Sebagai catatan, S dan jenis material saluran mempengaruhi kecepatan aliran (vd) di dalam
saluran drainase (Tabel II–12 dan Tabel II–13). Pada aplikasi di lapangan, kemiringan saluran (S)
hampir sama dengan kemiringan medan limpasan (So) apabila saluran dibangun mengikuti
topografi untuk sifat aliran secara gravitasi (Tabel II–12).
vd di dalam saluran tertutup (closed conduit) tergantung dari bahan, sifat-sifat hidrolik
saluran, dan kondisi fisik. vd minimum pada sistem drainase sangat bervariasi dan tidak dapat
ditentukan dengan tepat. Untuk saluran tertutup dengan lapisan lining atau tahan erosi, vd
minimum berkisar 0,6–0,9 m/detik, sedangkan untuk saluran terbuka vd minimum berkisar 0,4 –
0.6 m/detik (Chow, 1989; Sukarto, 1999).
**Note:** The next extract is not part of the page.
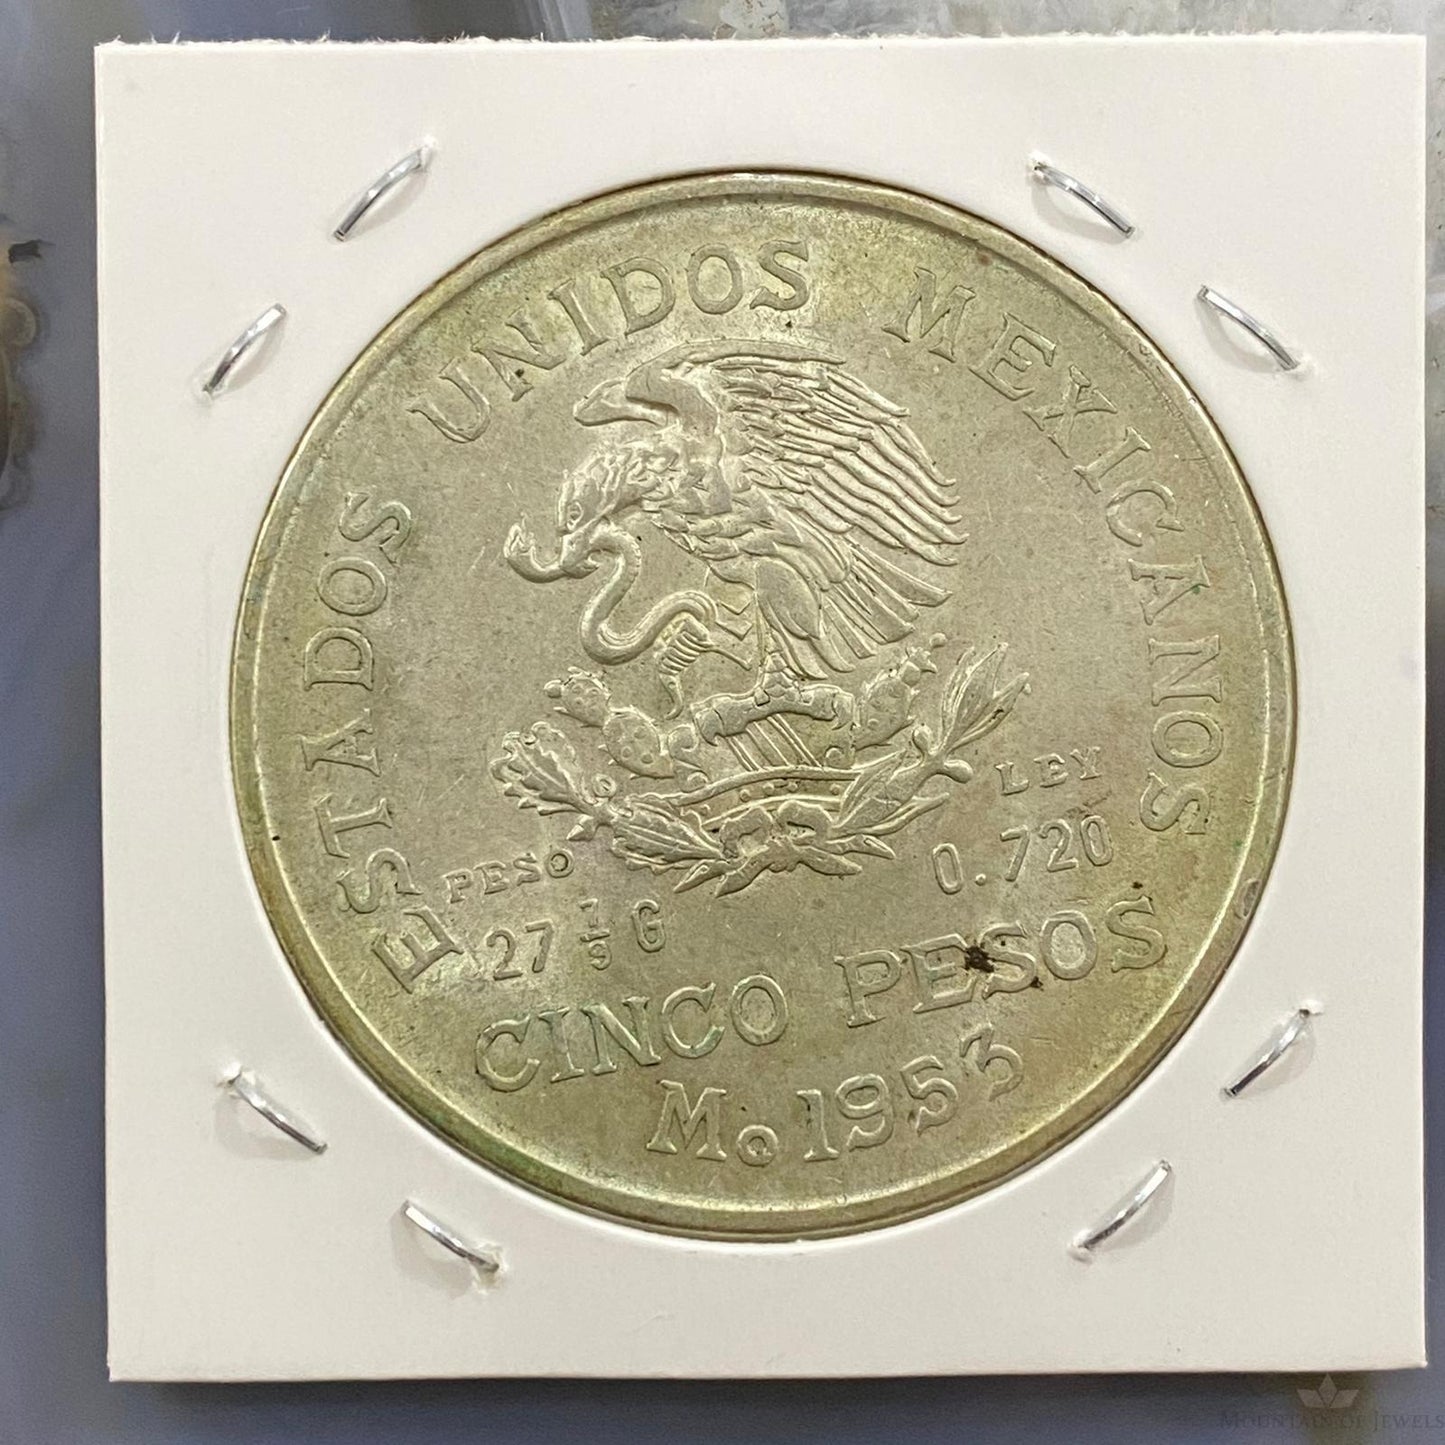 1953 Mexico 5 Pesos .720 Silver Coin #52023-3U

Kecepatan ini sangat diperlukan untuk mencegah
pengendapan dan pertumbuhan tanaman air yang dapat menghambat aliran di sistem drainase.
vd maksimum adalah kecepatan pengaliran terbesar untuk mencegah erosi di permukaan saluran.
Untuk saluran dengan material tertentu, vd maksimum sebesar 2,5–3,5 m/detik, sedangkan
saluran alam (saluran tanah) sebesar 2,0 m/detik.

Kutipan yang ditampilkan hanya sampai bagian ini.